Sharp rise in general insurance complaints raises service quality concerns: RBI
The Reserve Bank of India has flagged a massive jump in customer complaints within the general insurance sector. These rising grievances could hurt public trust and impact financial stability across the country.
The Reserve Bank of India (RBI) has raised a red flag over the rising number of customer complaints in the general insurance sector. According to the latest Financial Stability Report (FSR), there are serious concerns regarding how claims are managed and how products are explained to customers. The RBI warned that if these issues are not fixed, it could lead to people losing faith in the insurance system. This loss of trust might cause people to cancel their policies, which would create a big risk for the entire financial market.
The numbers in the report are quite alarming for the general insurance industry. Complaints have nearly tripled in just a few years. In the financial year 2021-22, the numbers were much lower, but they jumped to 1.78 lakh complaints in 2025-26. This sharp increase suggests that companies are struggling with 'claims management' (the process where a company pays the customer for a loss) and 'service quality'. The RBI believes these are systemic problems, meaning they are happening across the whole industry.
While general insurance is struggling, the life insurance sector has shown a much better performance. Complaints in life insurance actually dropped from 1.5 lakh in 2021-22 down to 1.2 lakh in 2025-26. The report says this happened because life insurance companies improved their 'market conduct' (how they behave with customers) and made sure they were selling the right products to the right people. This decline in complaints helps reduce 'reputational risk' (the risk of losing money because people think badly of the company).
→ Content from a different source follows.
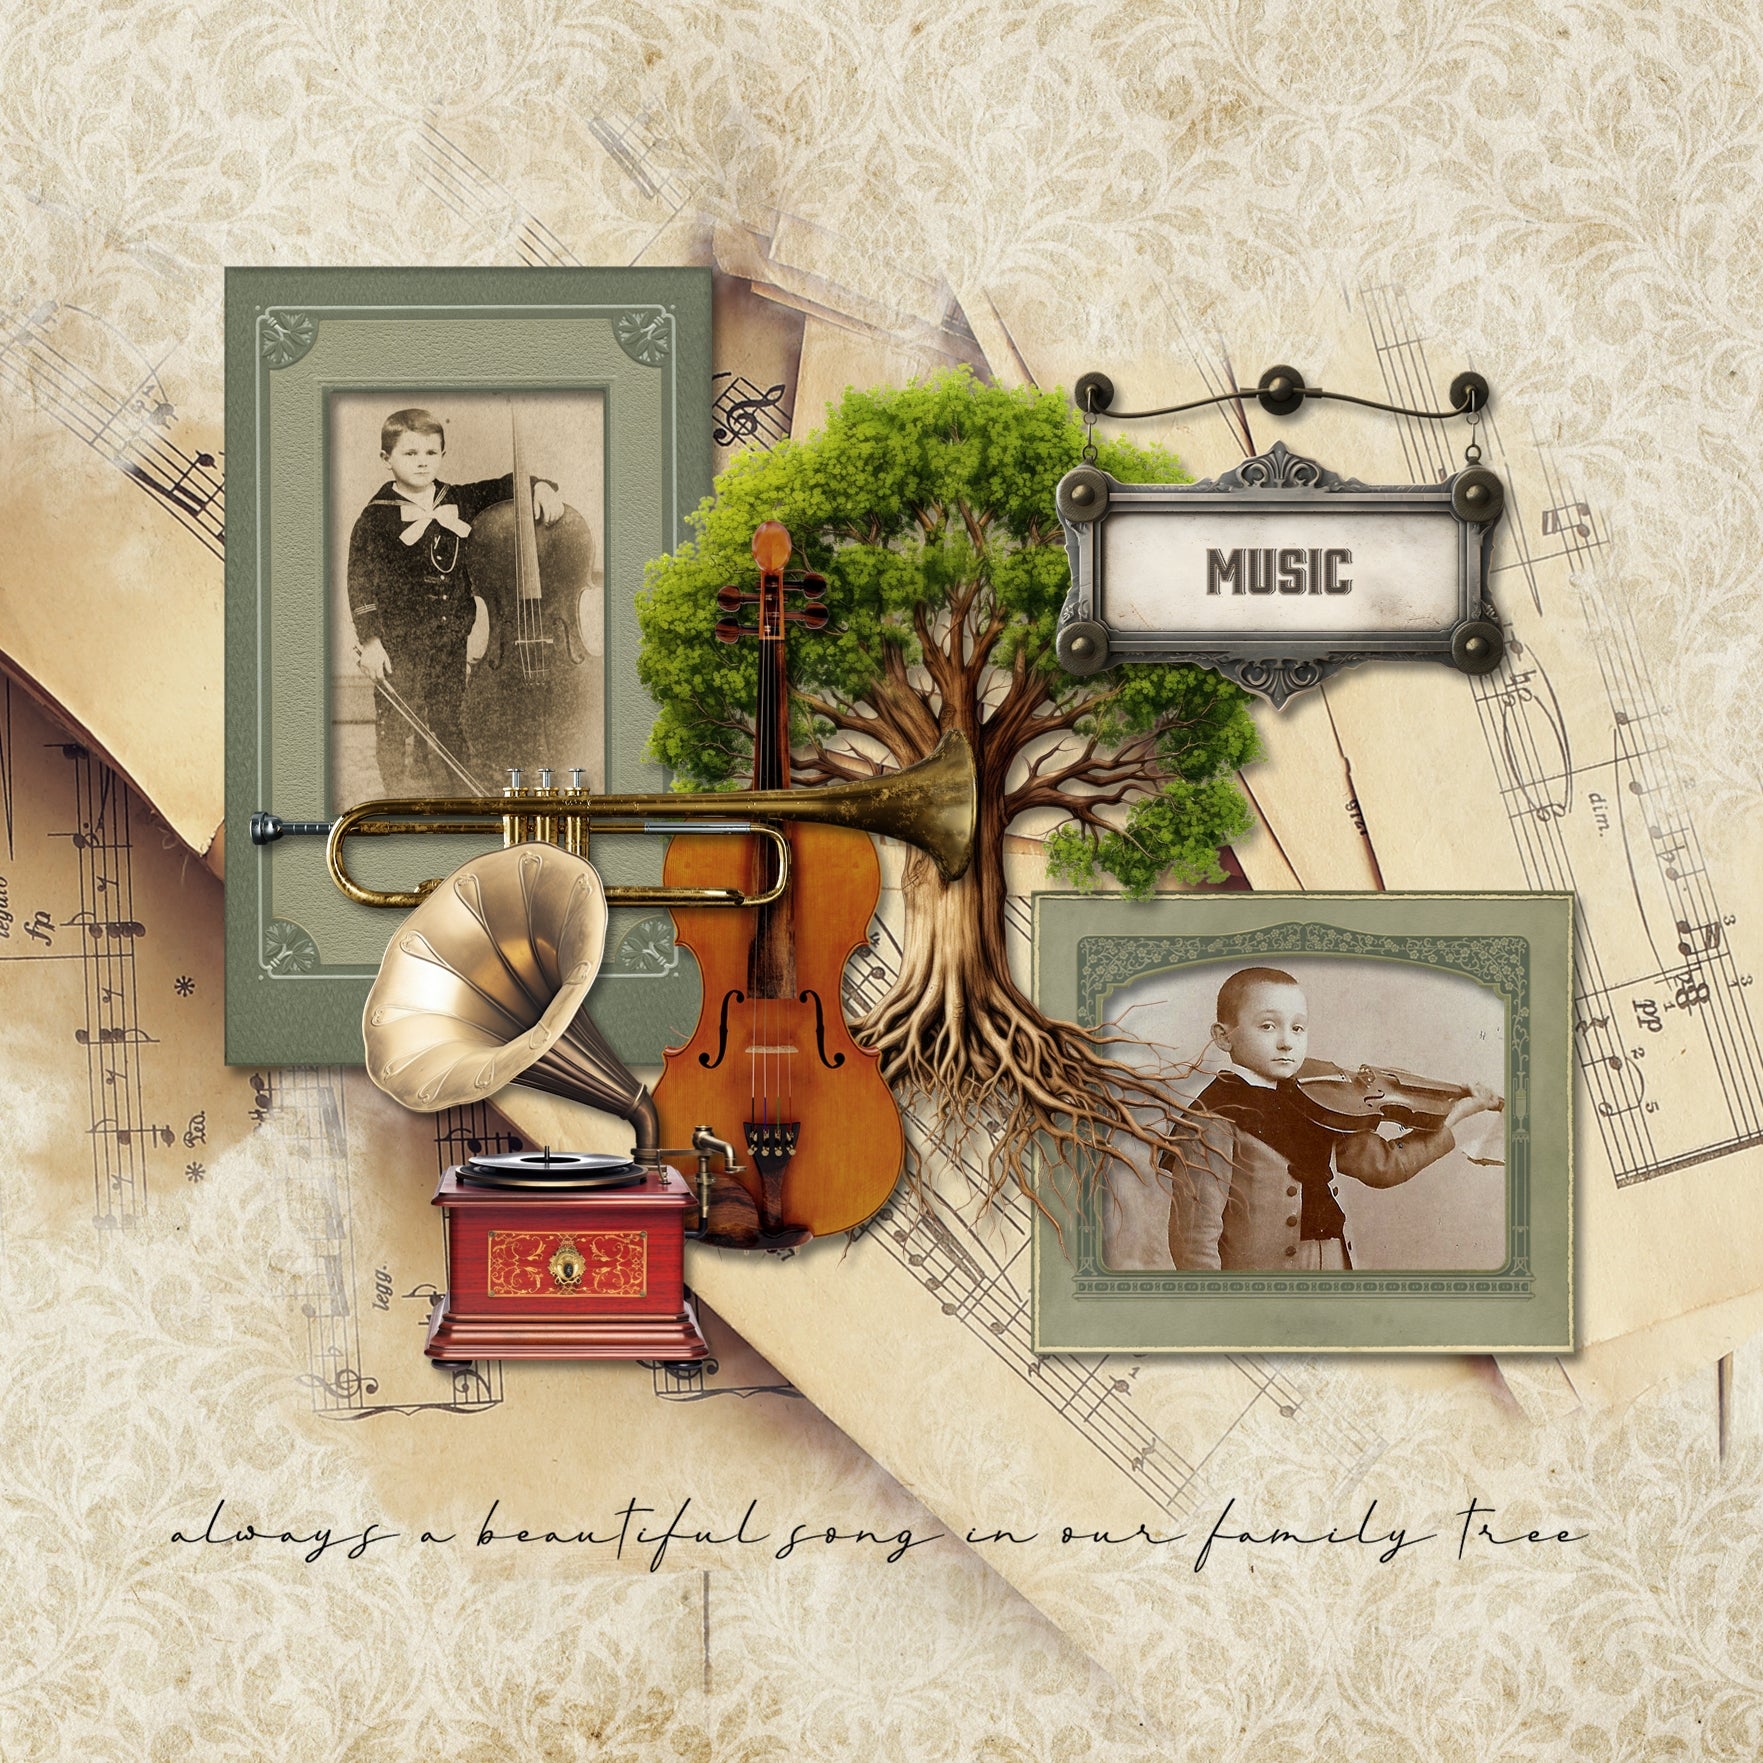 Great for genealogy and family history albums and keepsake digital art pages, these beautiful vintage music sheets and instrument overlays with transparent edges by Lucky Girl Creative blend seamlessly into any background paper and make the perfect backdrop for authentic scrapbook pages. Overlays include vintage sheets of music, piano keys, flute, trumpet, violin, viola, French horn, and brass instruments.

For bank officers who also sell insurance products as part of 'bancassurance' (banks selling insurance), this report is very important. It shows that customers are unhappy with how general insurance claims are settled and how the products are communicated. If a bank sells a policy and the customer has a bad experience during a claim, it can damage the bank's relationship with that customer. Bankers must be careful to explain the terms and conditions clearly to avoid 'product communication' issues.
The IRDAI (the insurance regulator in India) is already taking steps to fix these problems through the Insurance Ombudsman. In 2025-26, the Ombudsman resolved 41,055 complaints. Interestingly, 79 percent of these cases were decided in favor of the policyholders. This shows that many customer complaints were valid and the companies were at fault. The regulator is now pushing for faster solutions to problems that have been stuck for a long time.
General insurance companies have been told to focus on four main areas. These include complaints that have been pending for more than 90 days, delays in registering new complaints, and increasing the use of video conferencing for hearings. The goal is to make the process faster and more transparent for the common man. If the industry does not improve, the RBI fears that 'policy persistence' (the rate at which customers keep renewing their policies) will fall significantly.
In the coming months, bank officers and insurance agents should watch for stricter rules from IRDAI regarding claims. There will likely be more pressure on companies to prove they are treating customers fairly. For those aspiring to join the banking sector, understanding these 'conduct risks' is essential. It shows that banking is not just about numbers, but also about maintaining the trust of the public through good service and clear communication.